Overnight Summary: German Hope Soars To Three Year High As European Car Registrations Drop To Record Low





Europe's double dipping economy may be continuing to implode, but at least confidence abounds. And while the conifidence game was the purvey of career politicians and ex-Goldman central bankers in January, it has now shifted to Europe's equivalent of the reflexive UMichigan consumer confidence, after Germany's ZEW investor confidence soared to 48.2 vs expectations of a modest 35.0 print, leaving January's 31.5 print in the dust, and the highest since April 2010. And all of the surge was based on the hope, with none attributed to reality, or current conditions.

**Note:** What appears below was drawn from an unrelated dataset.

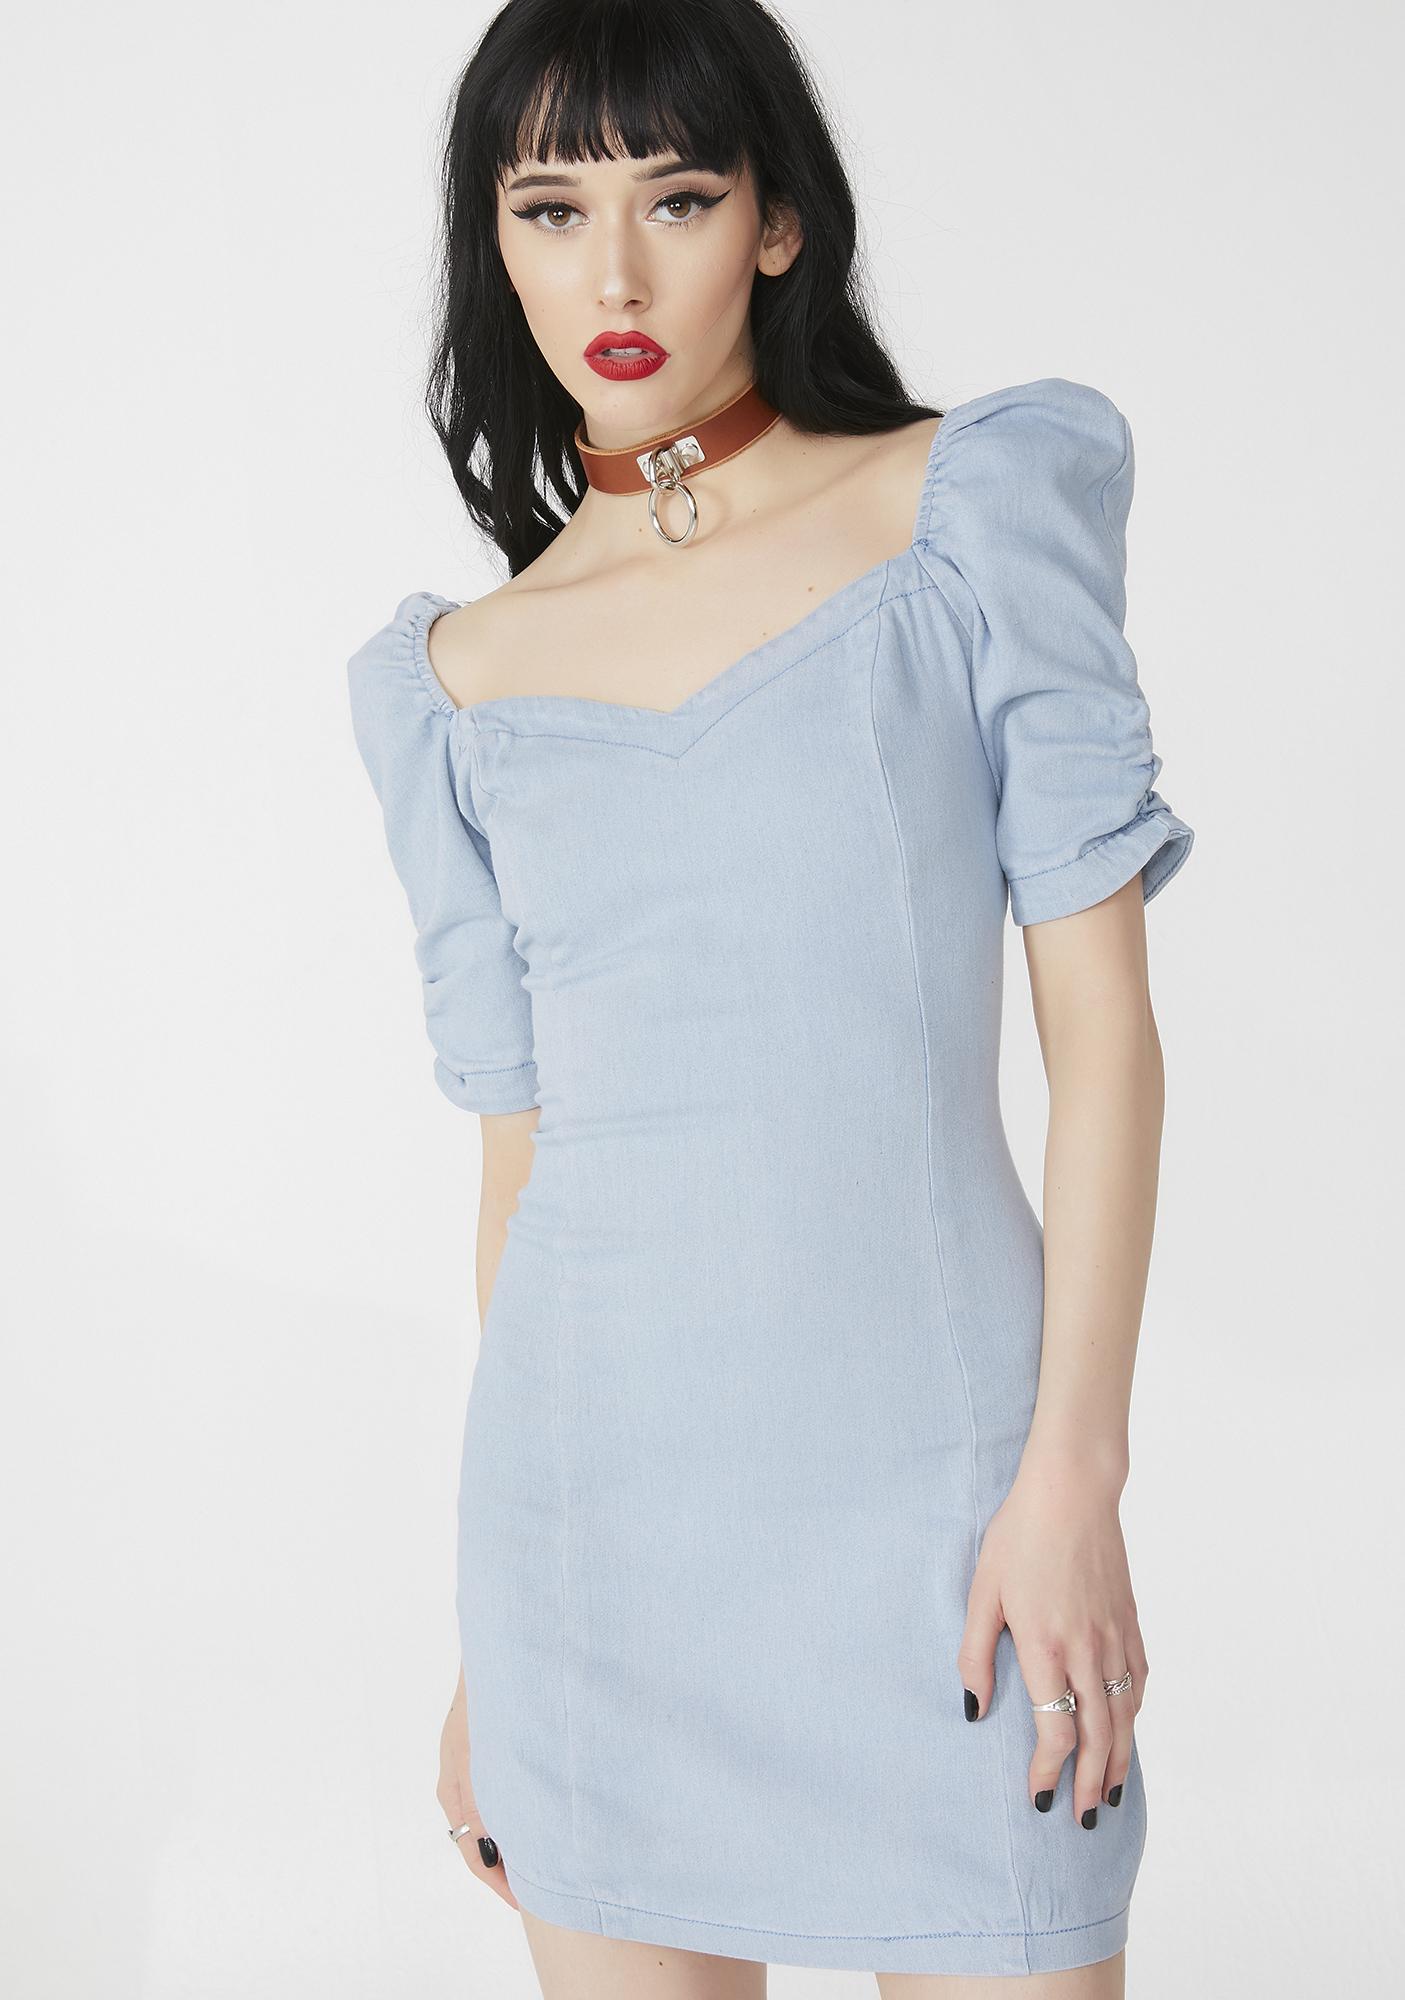 Classy Effect Mini Dress
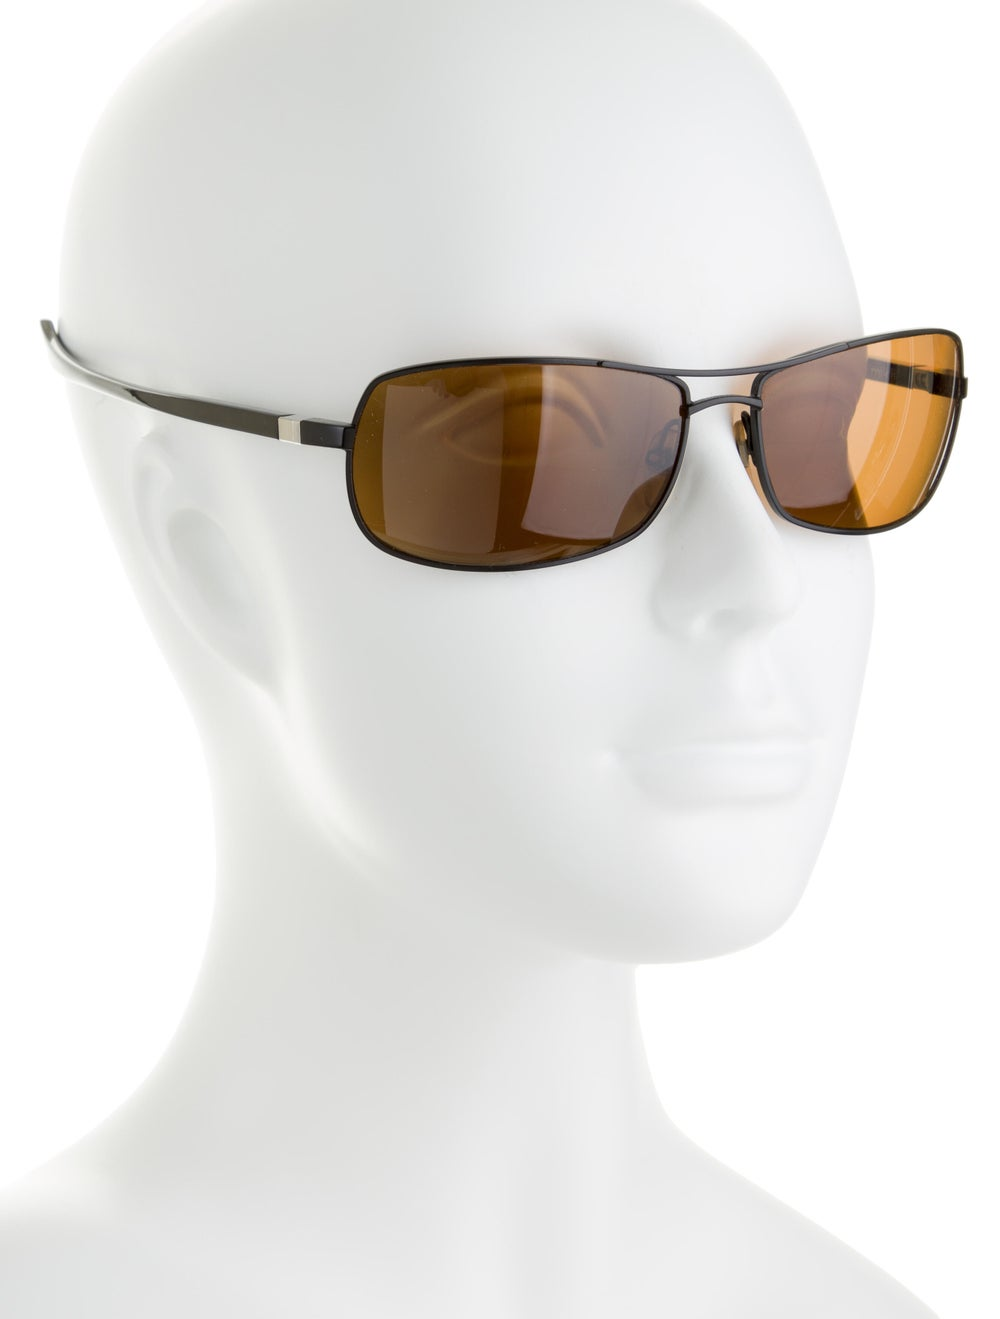 Alain Mikli Square Aviator Sunglasses brown - image 4

From SocGen: "The positive mood in both the equity and bond markets since the beginning of the year has led to a strong surge in expectations (economic sentiment) in the ZEW survey, a survey completed among German investors. This surge was entirely driven by expectations while current activity remains muted. Expectations in most surveys have recently been rising more strongly than expected, but at one point we expect some moderation. We consider that Germany and the euro area are in a situation of readjusting expectations and activity from the weakness at end-2012. The recovery in expectations may already have overshoot if hard data disappoint in the coming weeks." And while Europe is starry-eyed with hope about the future, as it is in the beginning of every year, it blithely ignored the fact that new car registrations collapsed in January by 14.2% to a new record low, while construction output in the Euroarea declined for a second month in December, tumbling by 4.8% led by slumping activity in, wait for it, Germany. But this time the future will be different.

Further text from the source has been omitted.